Skip the pictures and restate, word for word, the lines from the one containing "Page 14 of manga" to the end of the data below.

## Provided data
********************

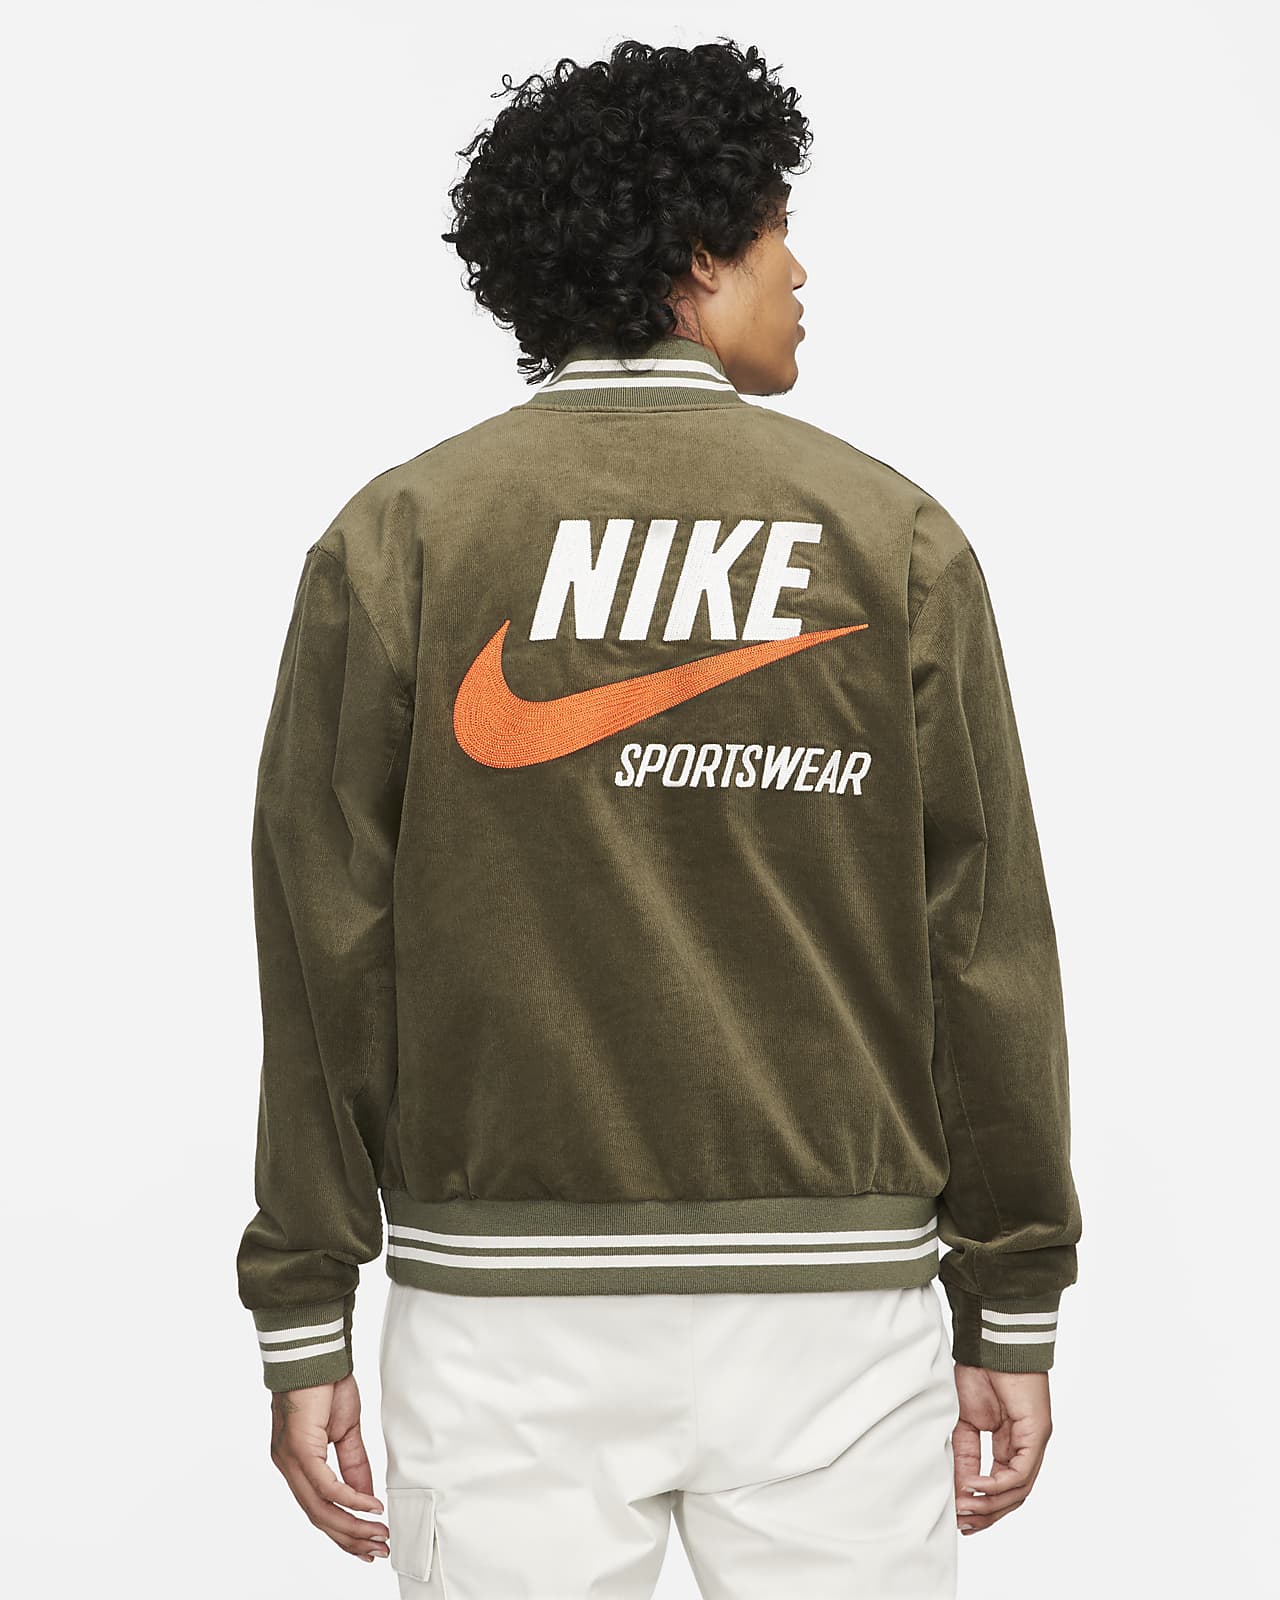 ik heb het gevonden Verouderd hebzuchtig Nike Sportswear Trend Men's Bomber Jacket. Nike LU
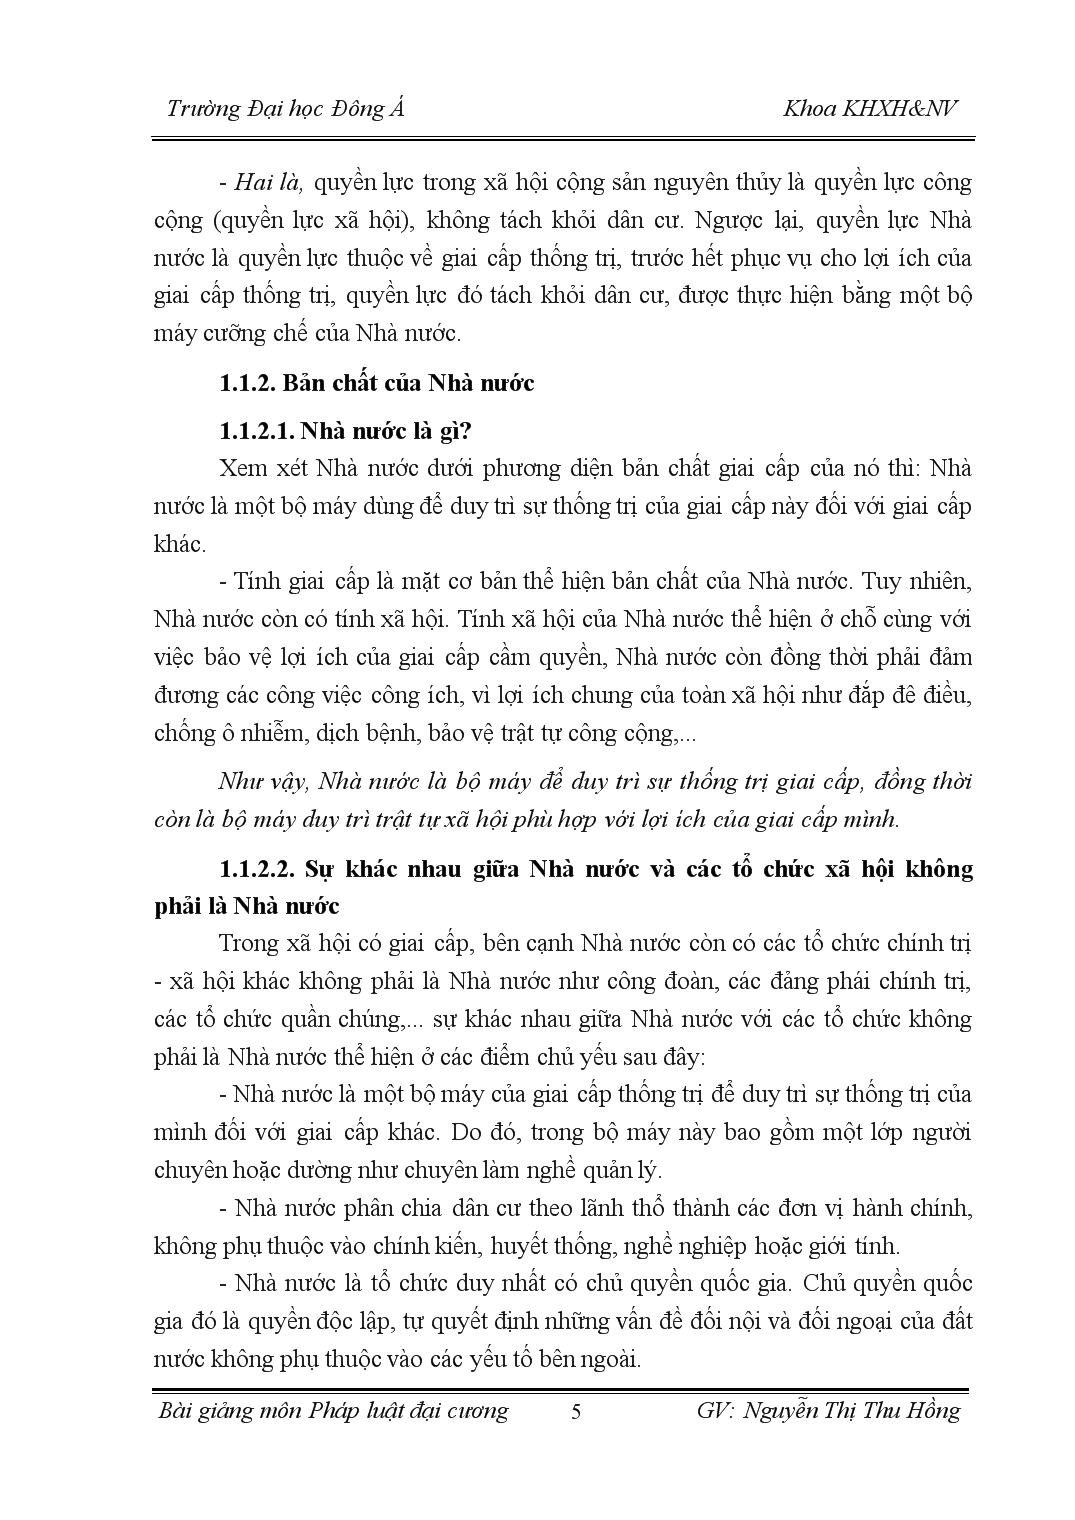 Bài giảng pháp luật đại cương - Nguyễn Thị Thu Hồng trang 5
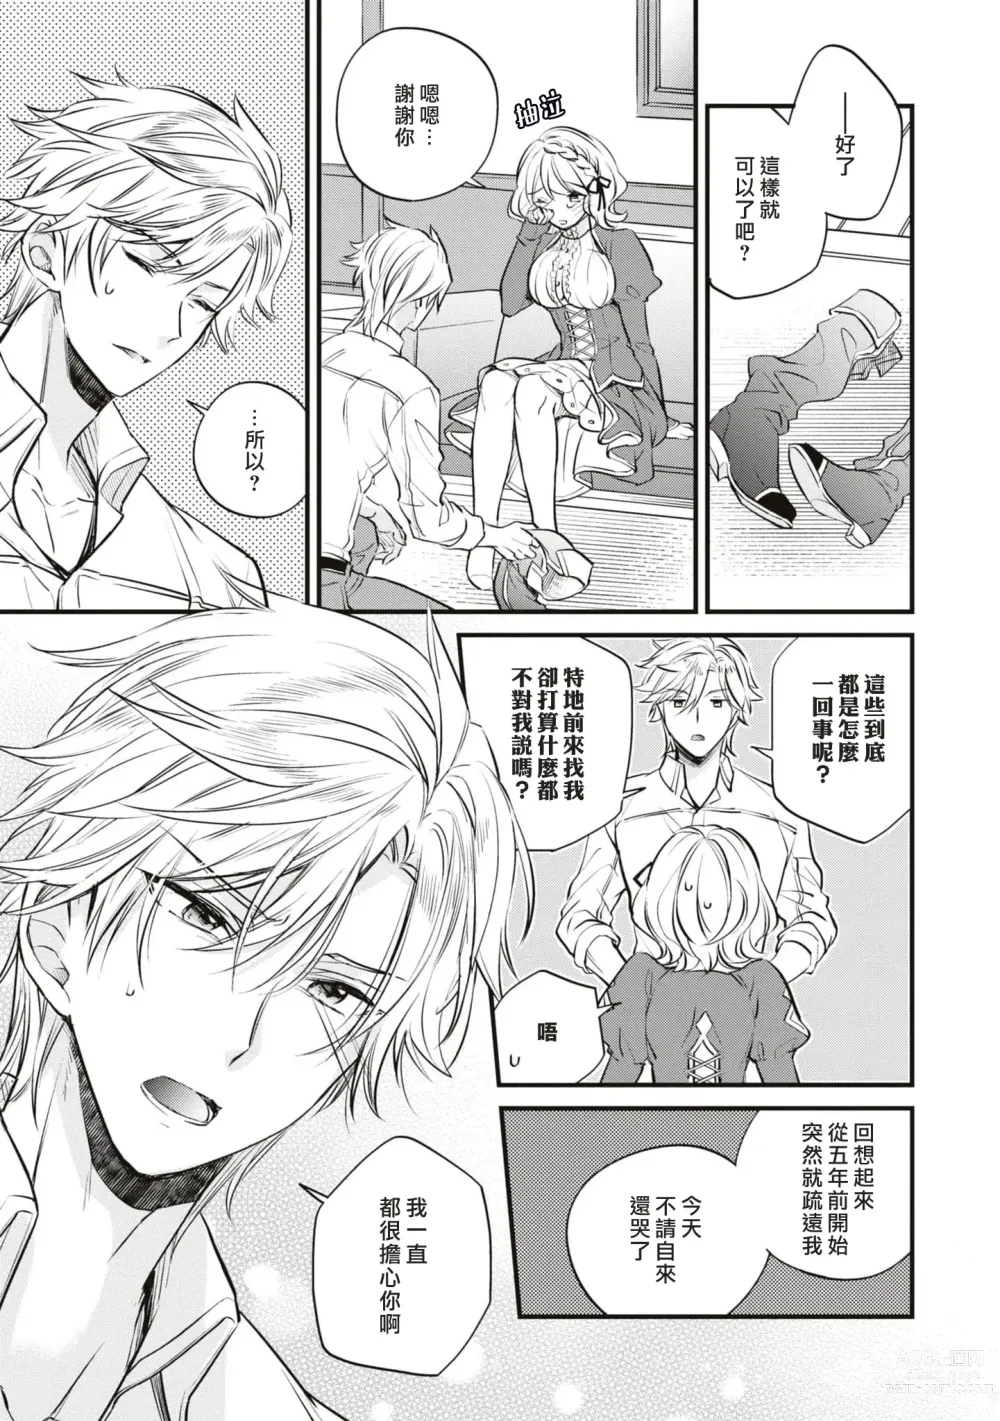 Page 14 of manga 不经意间帮助过的魔女向我报恩，所以被下了会自动朝喜欢的人走去，并会在碰触他时被施予淫纹的魔法。
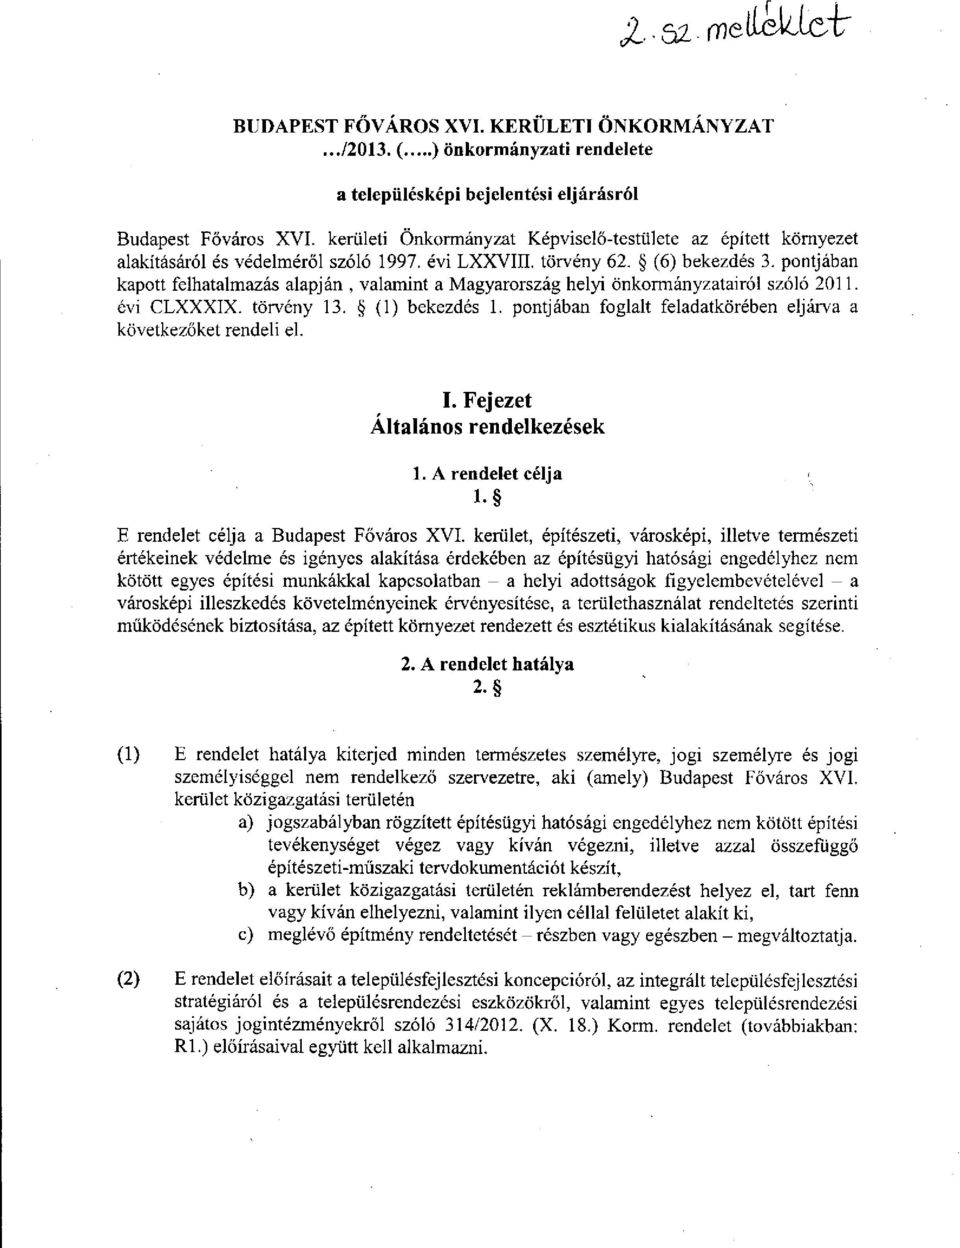 pontjában kapott felhatalmazás alapján, valamint a Magyarország helyi önkormányzatairól szóló 2011. évi CLXXXIX. törvény 13. (1) bekezdés 1.

********************

## Response
 Page 14 of manga 不经意间帮助过的魔女向我报恩，所以被下了会自动朝喜欢的人走去，并会在碰触他时被施予淫纹的魔法。
 pontjában kapott felhatalmazás alapján, valamint a Magyarország helyi önkormányzatairól szóló 2011. évi CLXXXIX. törvény 13. (1) bekezdés 1.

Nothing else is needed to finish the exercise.